• _INFORMATION SHOWN_:

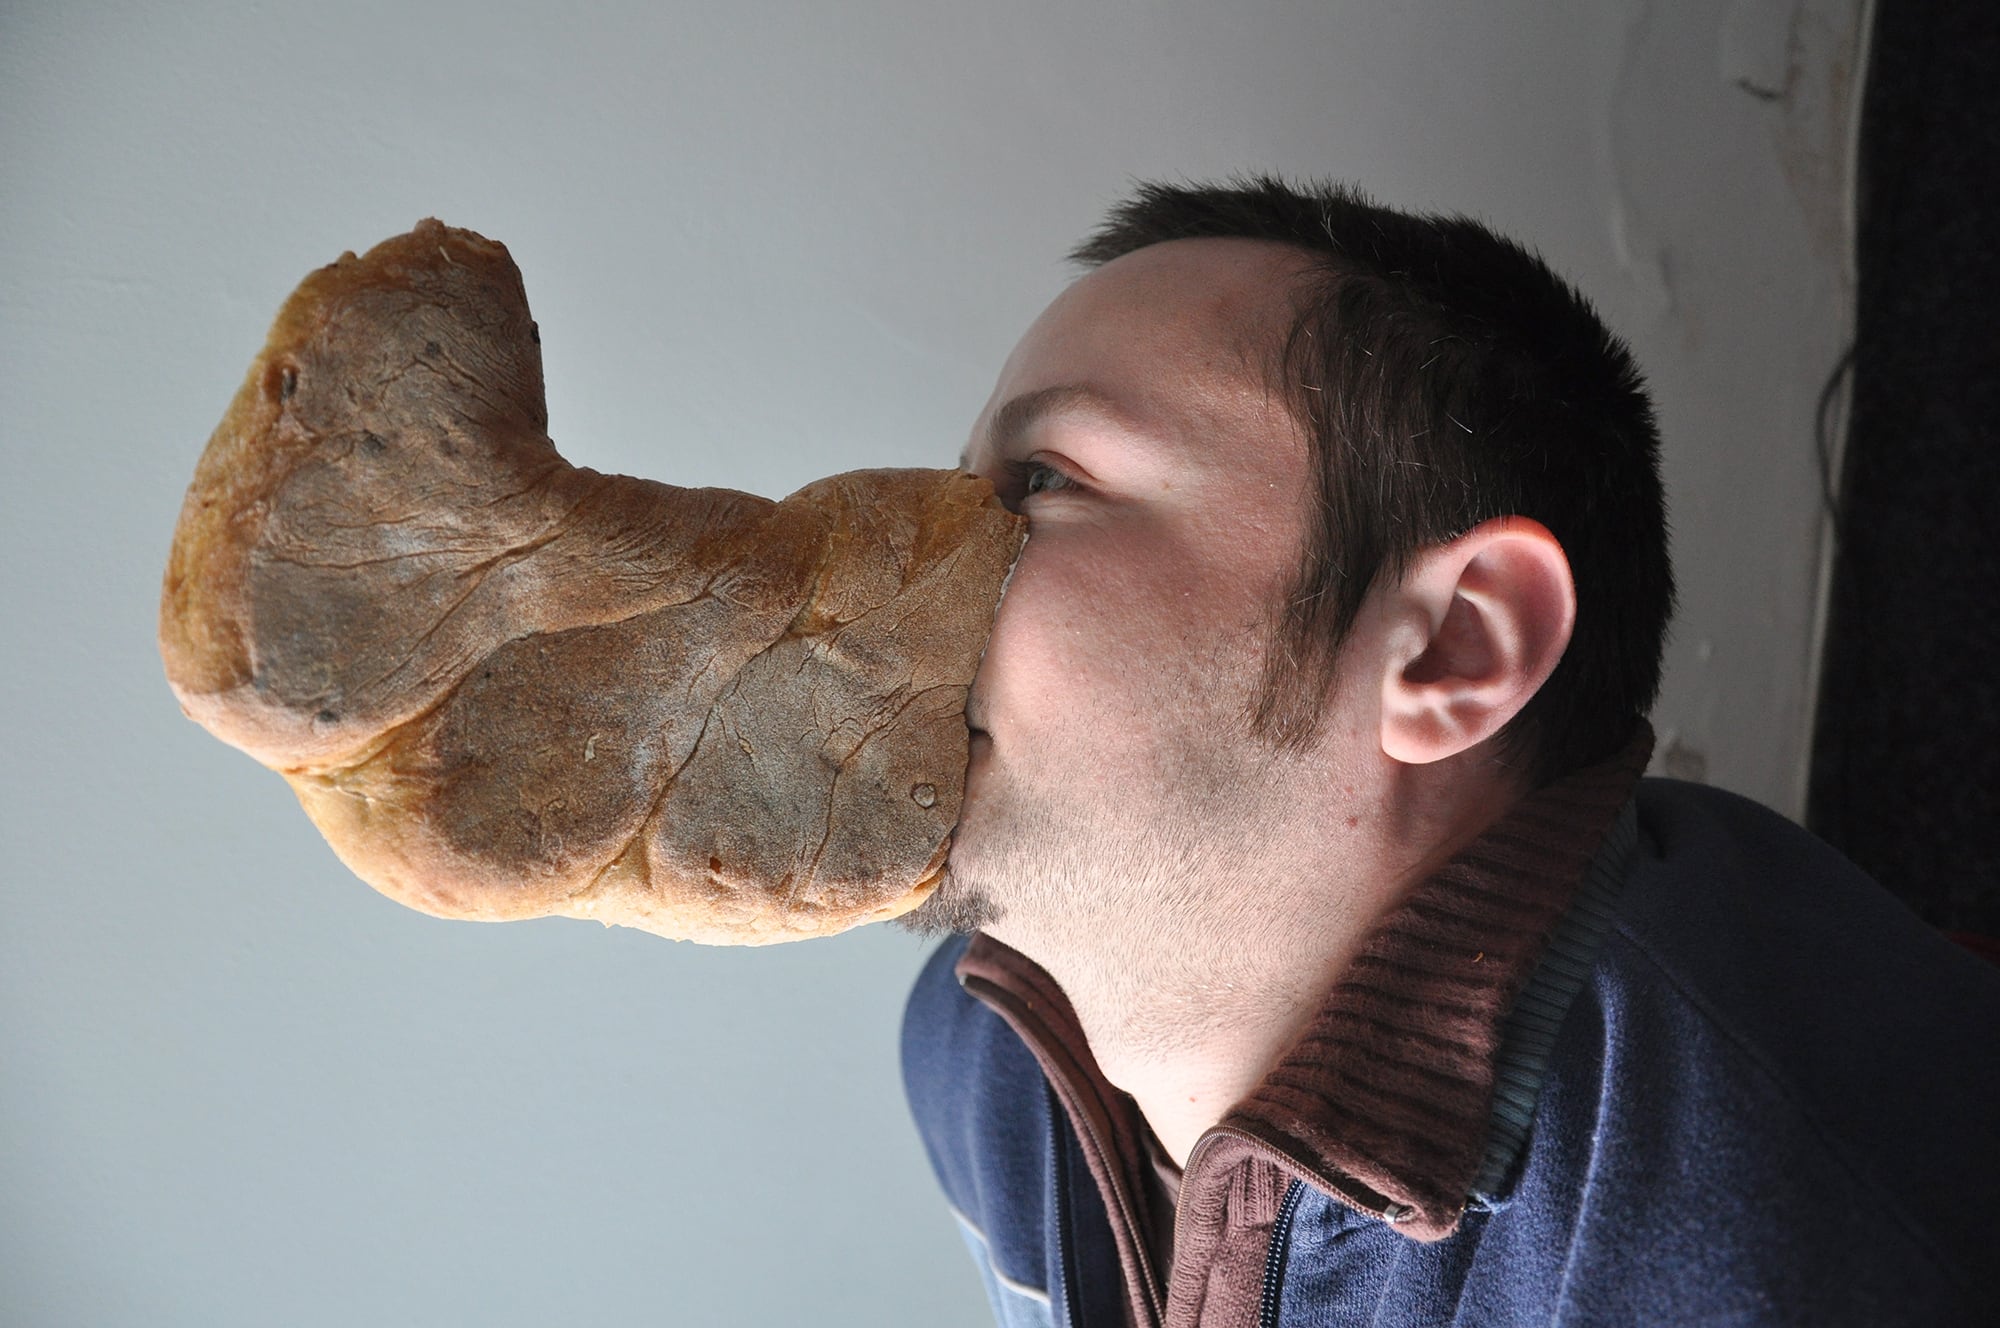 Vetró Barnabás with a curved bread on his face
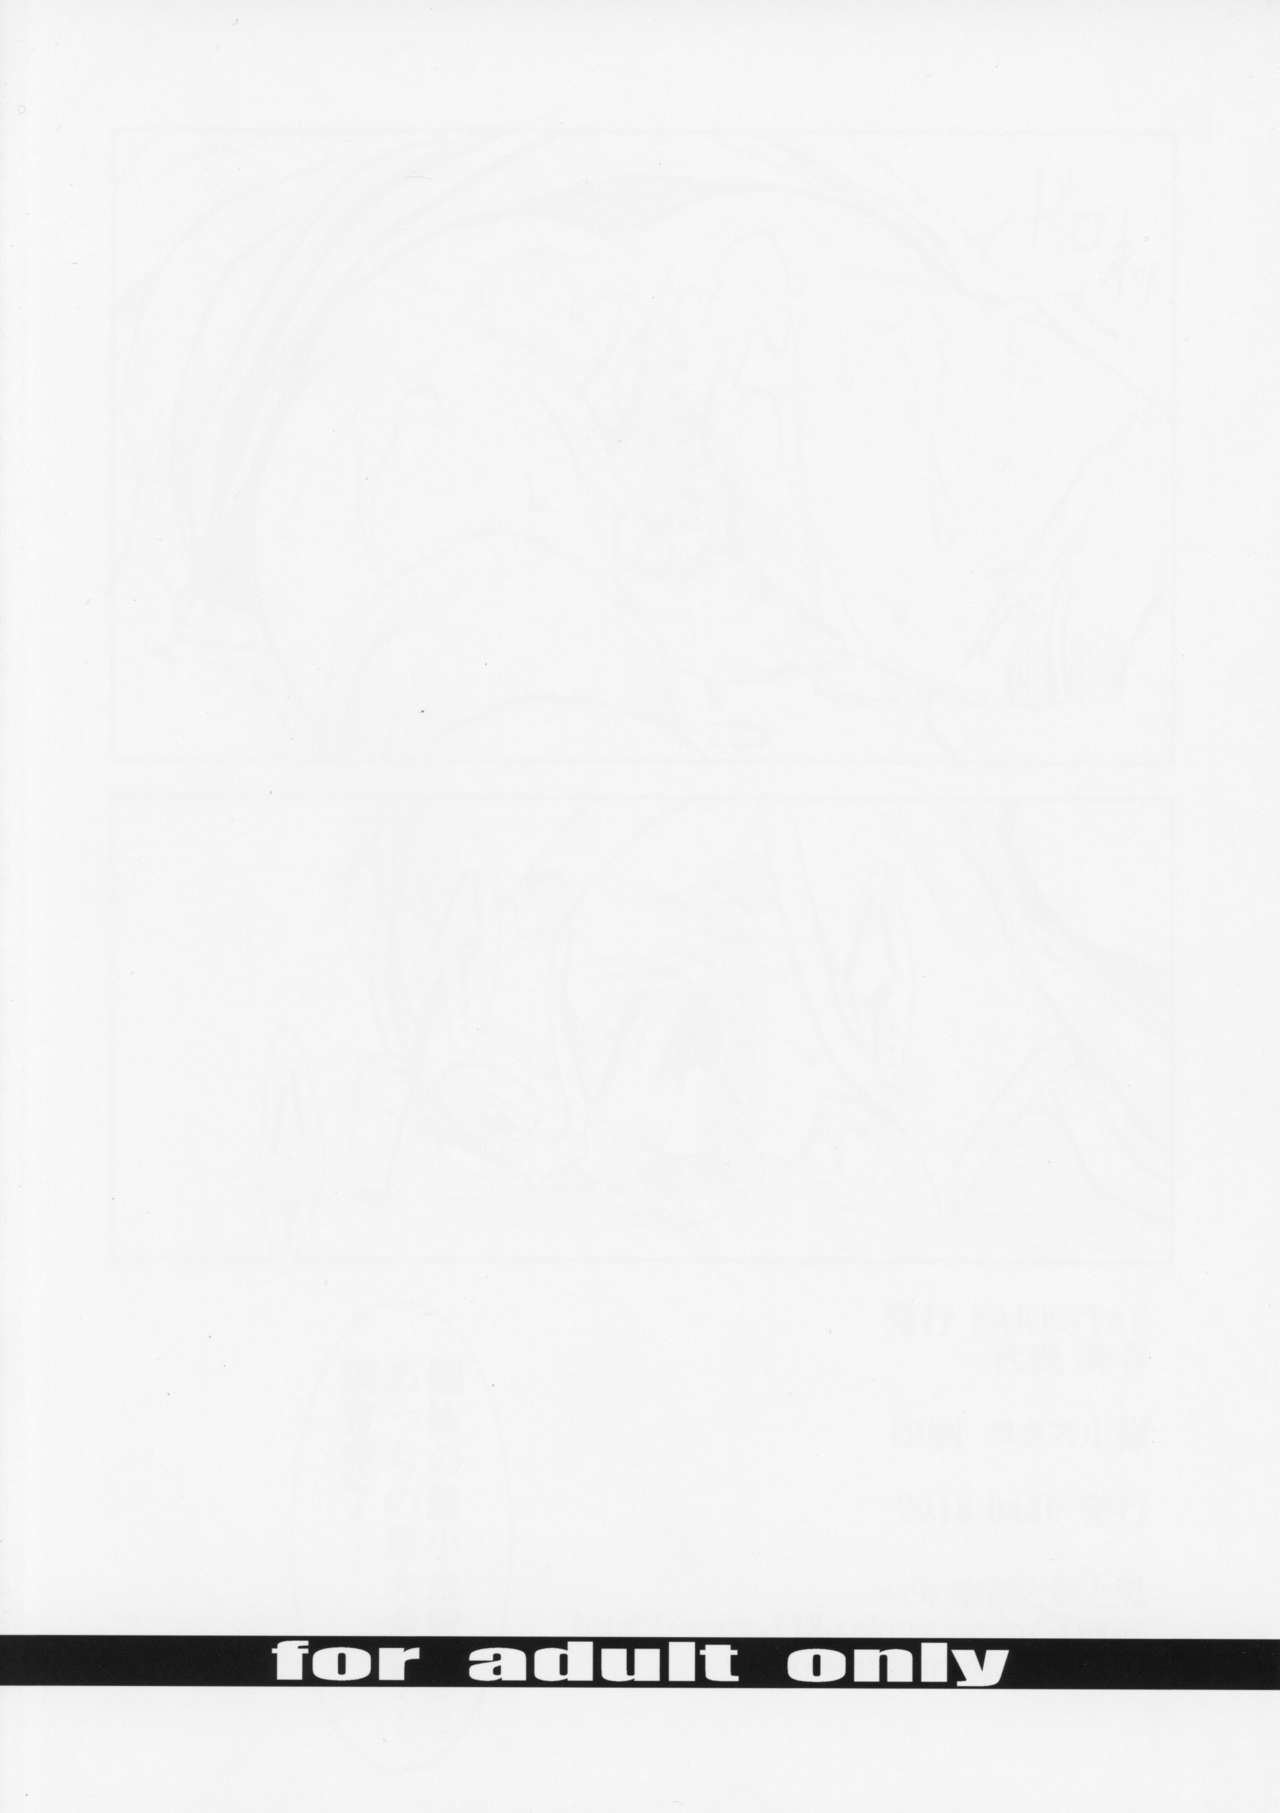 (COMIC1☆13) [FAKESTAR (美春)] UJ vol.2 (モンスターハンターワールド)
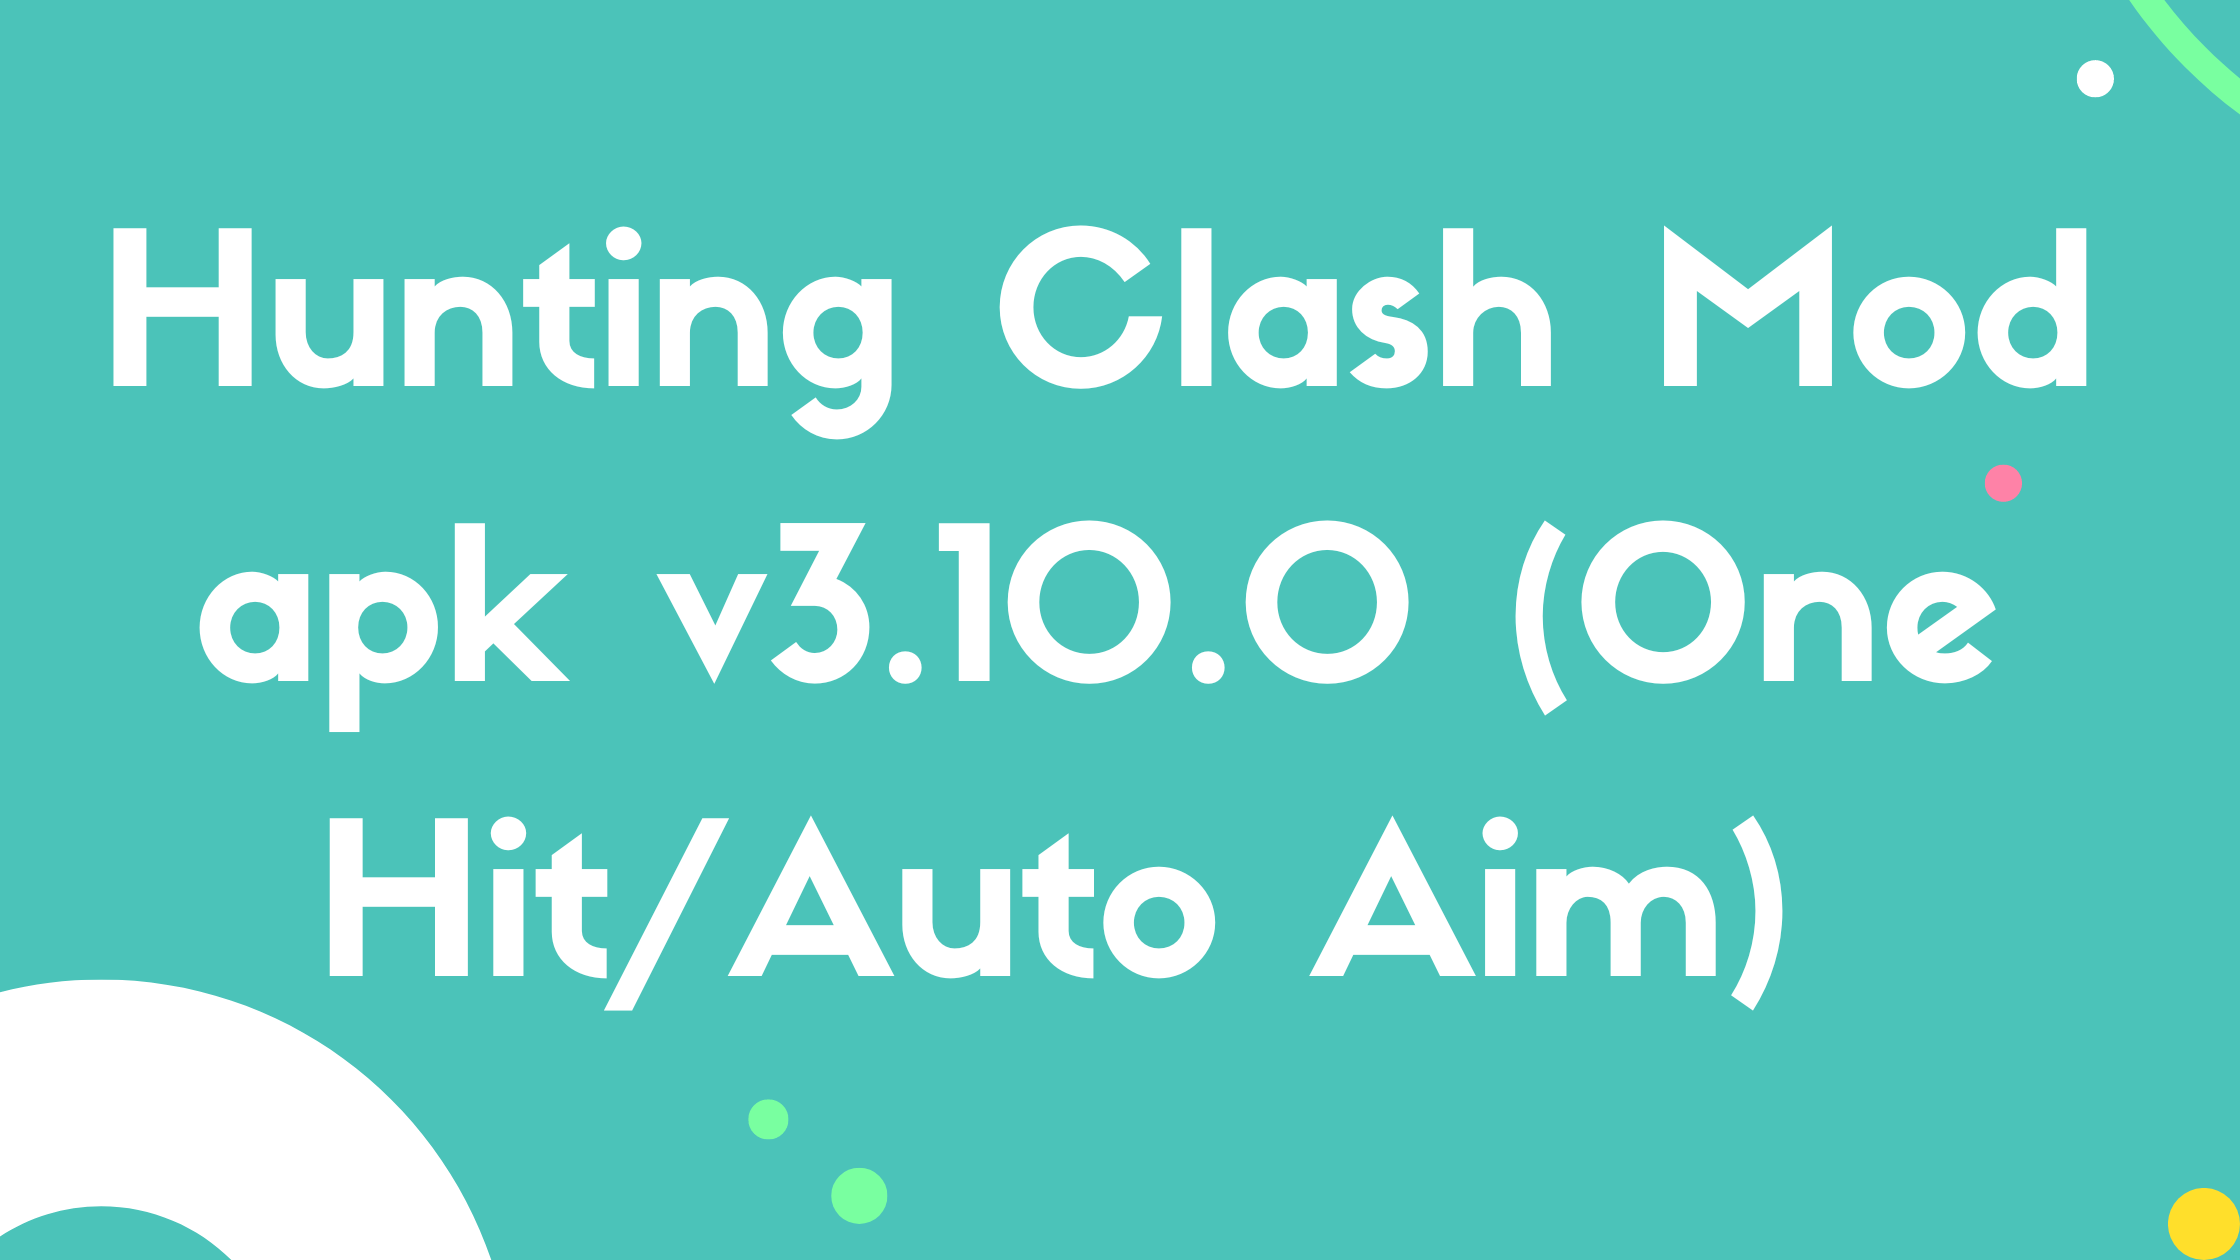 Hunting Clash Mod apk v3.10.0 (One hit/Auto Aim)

• _WHAT YOU SHOULD DO_: Omit the pictures, then print the rest of the listing above exactly.

• _TASK RESPONSE_:
 Vetró Barnabás with a curved bread on his face
 (COMIC1☆13) [FAKESTAR (美春)] UJ vol.2 (モンスターハンターワールド)
 Hunting Clash Mod apk v3.10.0 (One hit/Auto Aim)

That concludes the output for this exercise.